__RECORDED INFORMATION__.

===

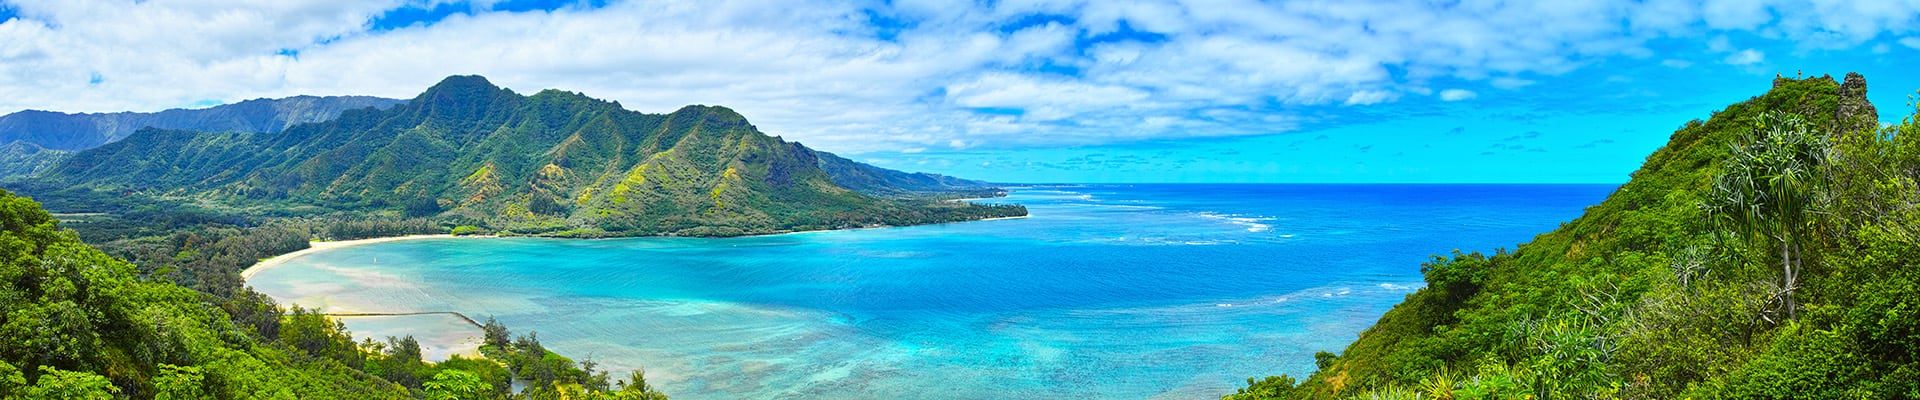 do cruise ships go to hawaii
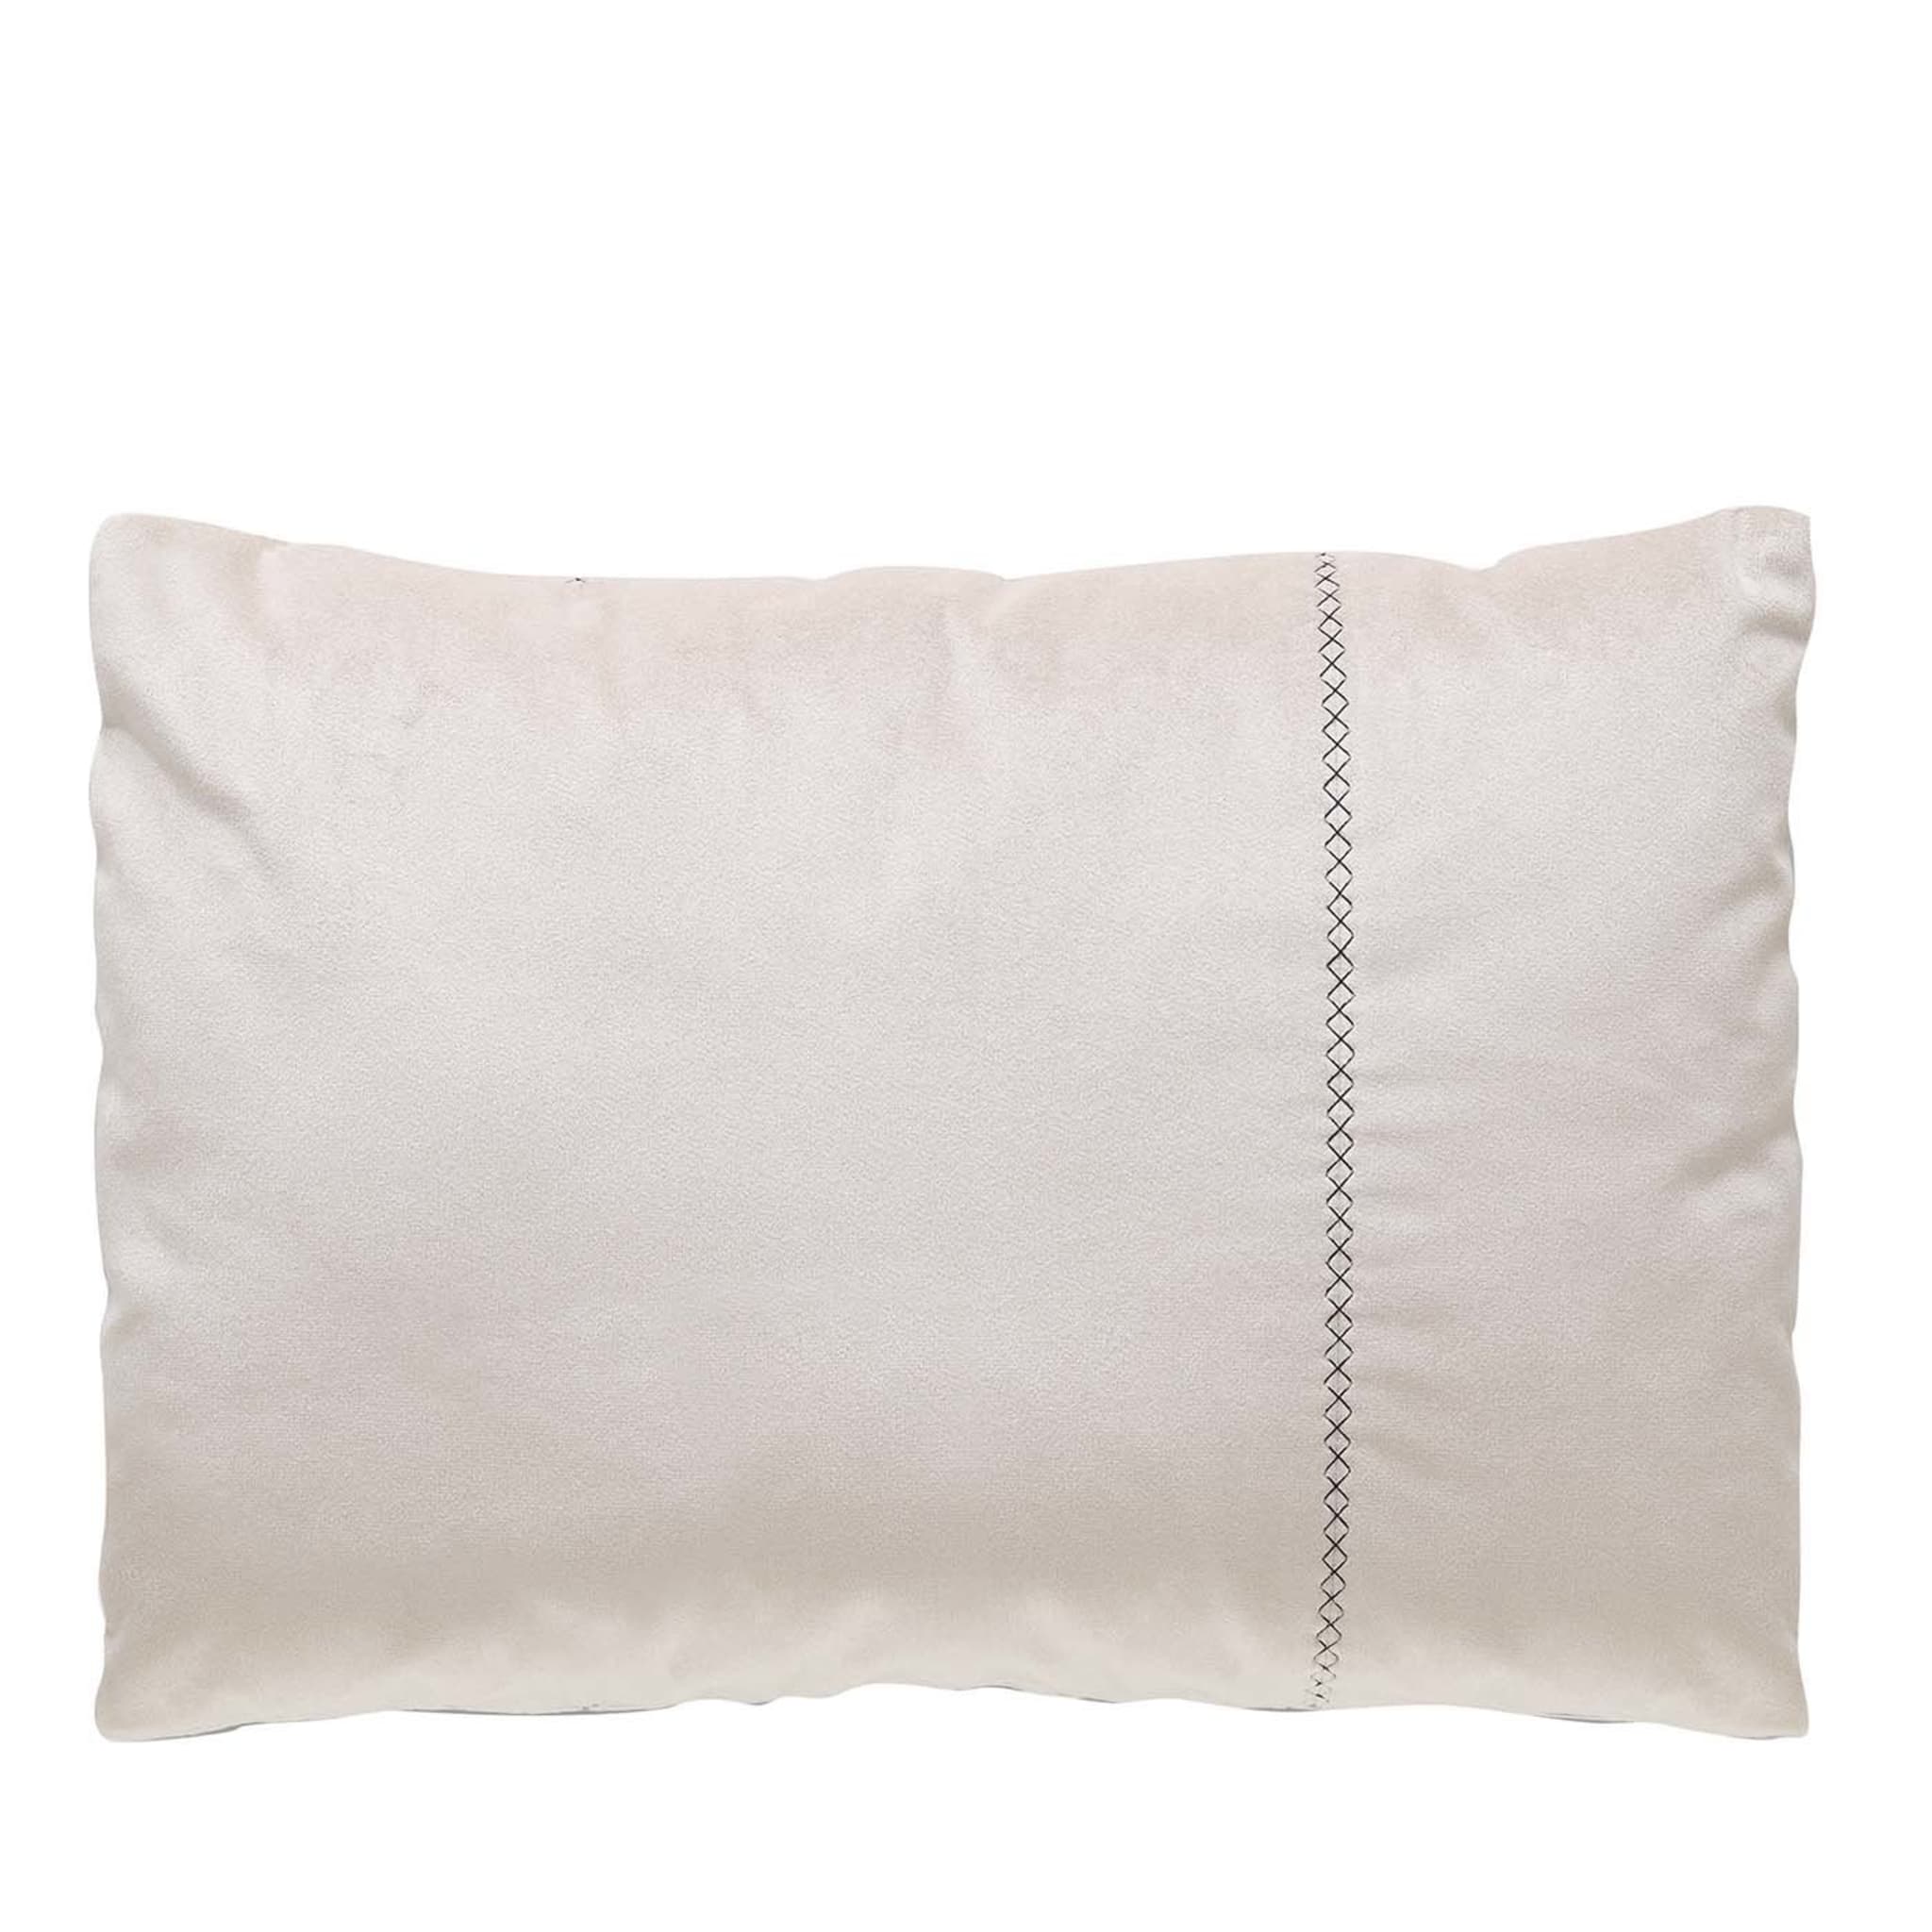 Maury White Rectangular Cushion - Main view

===

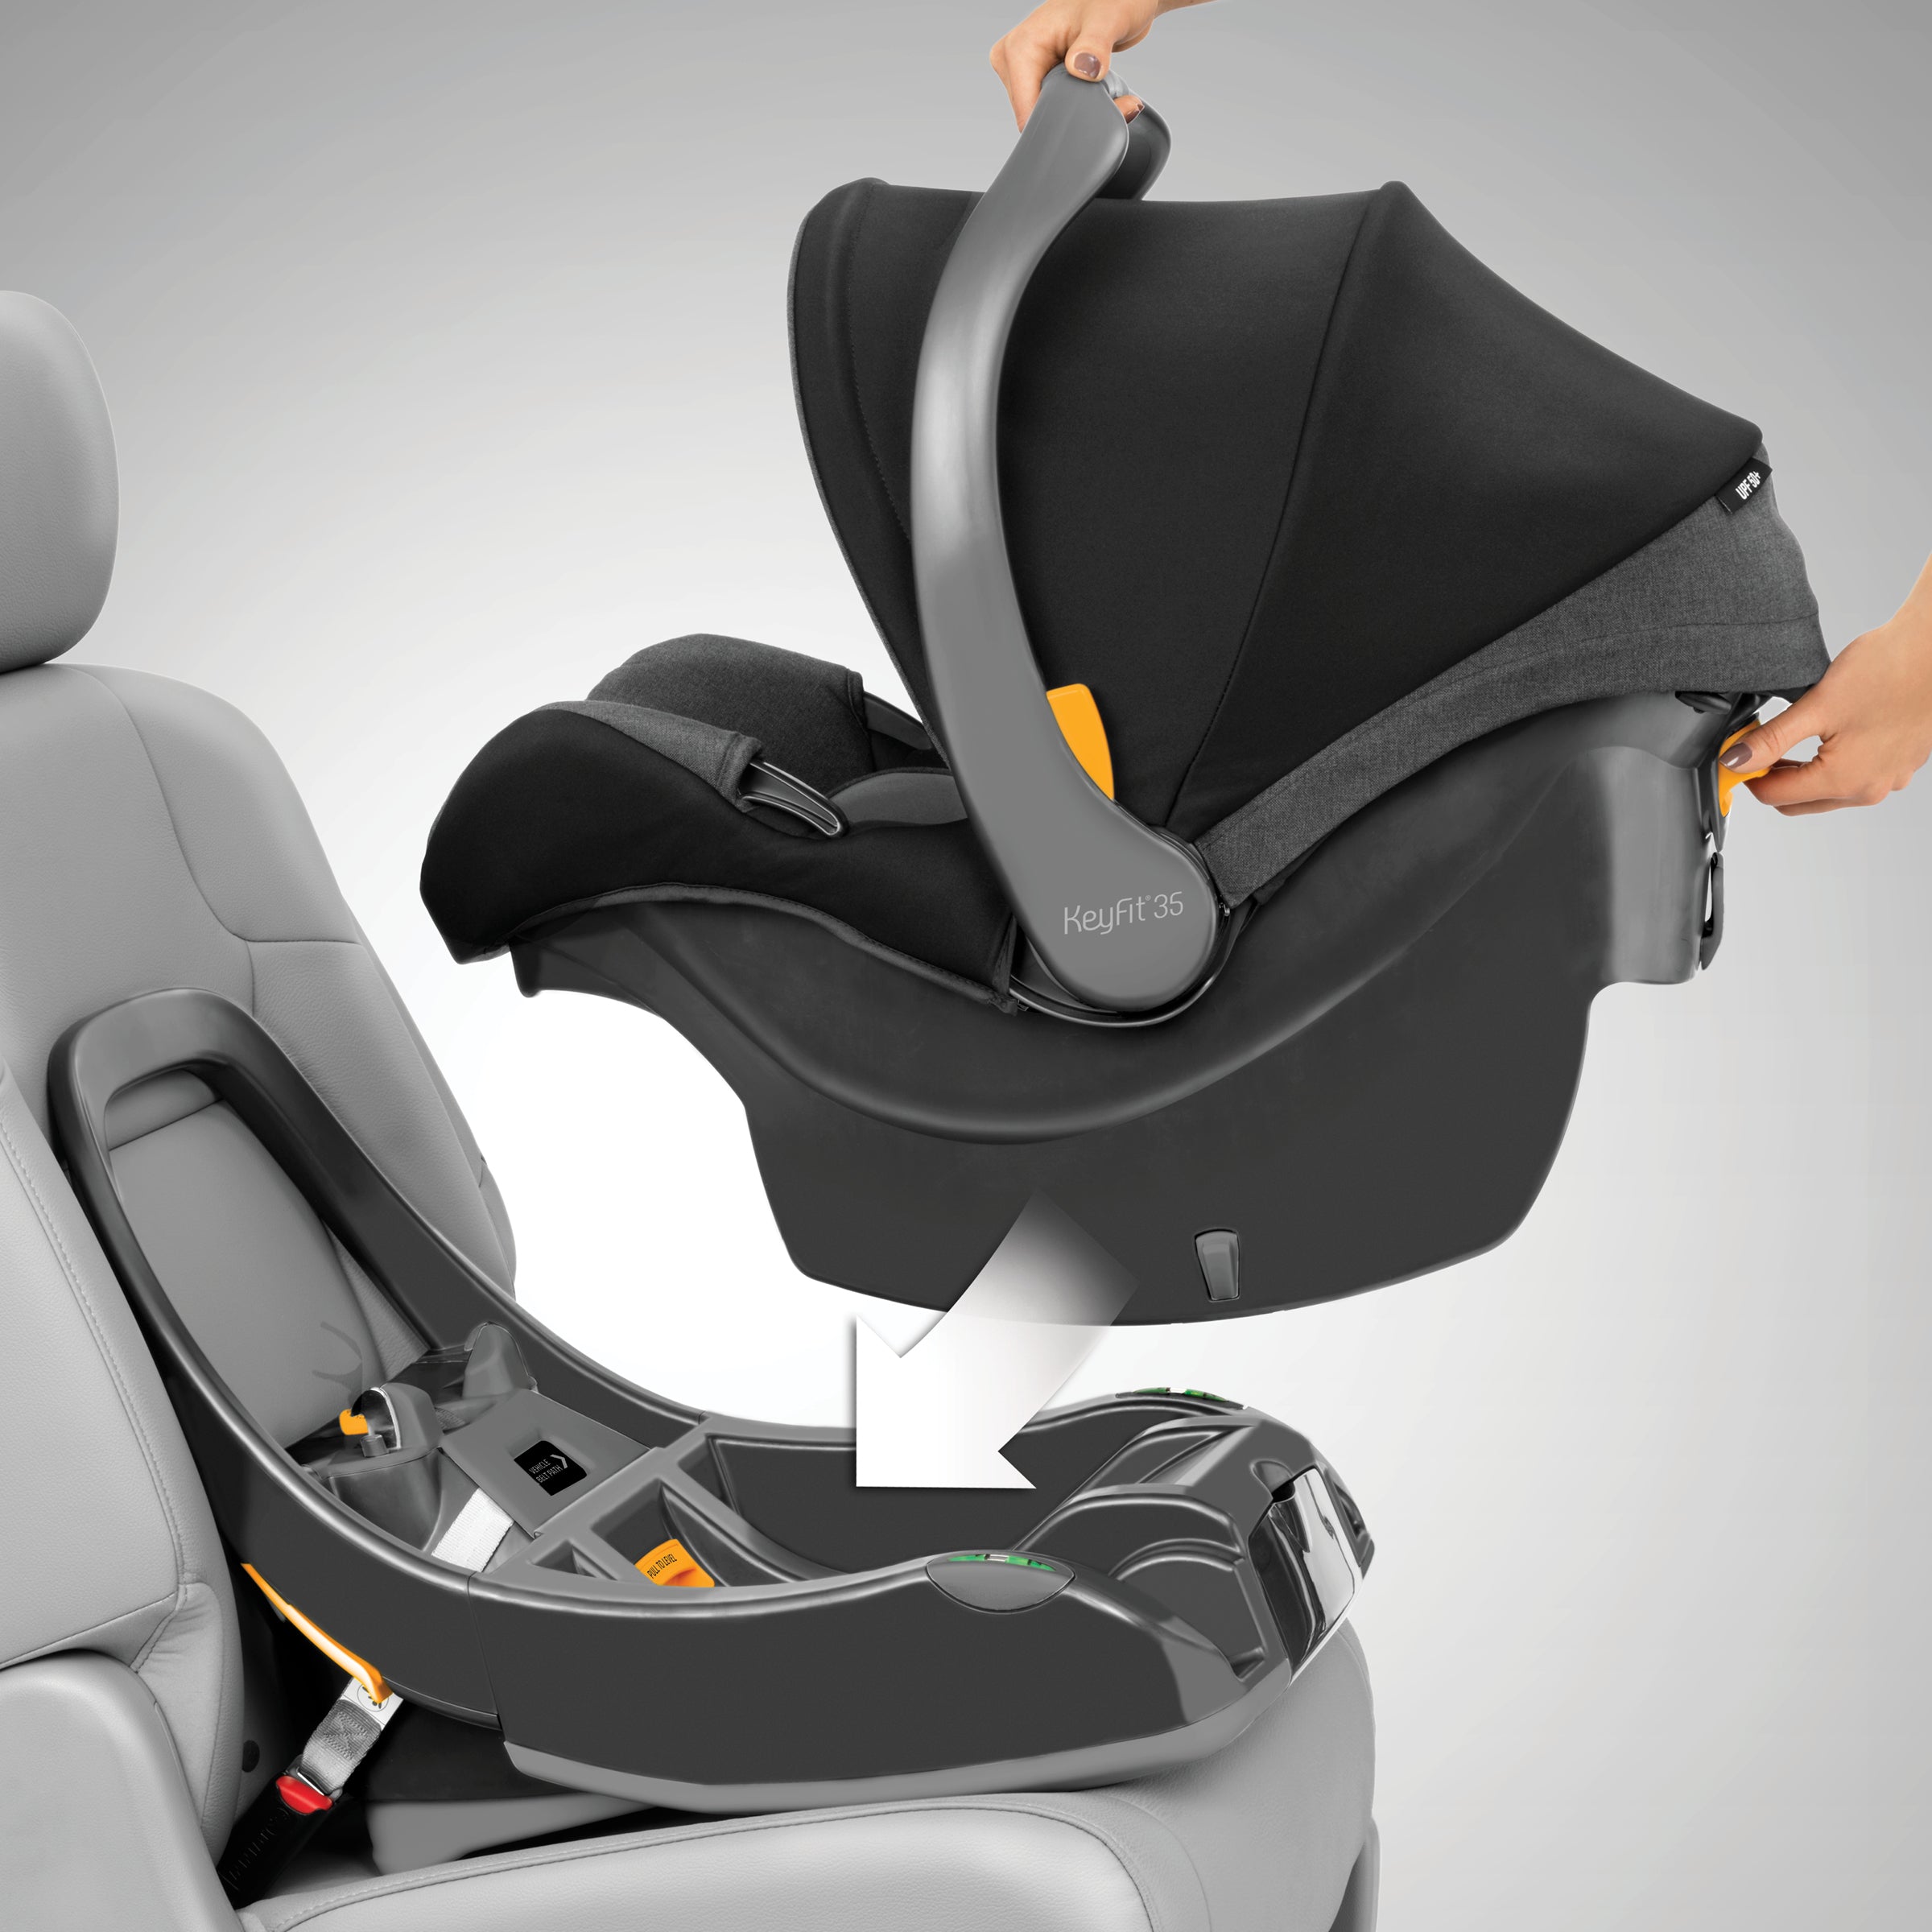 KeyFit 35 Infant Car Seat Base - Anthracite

===

__TASK DETAILS__. Start at the line containing "do cruise ships go to hawaii" above and stop at the line containing "Maury White Rectangular Cushion - Main view". Output those lines exactly, both included, but none of the pictures.

__REPLY TO THE EXERCISE__.
 do cruise ships go to hawaii
 Maury White Rectangular Cushion - Main view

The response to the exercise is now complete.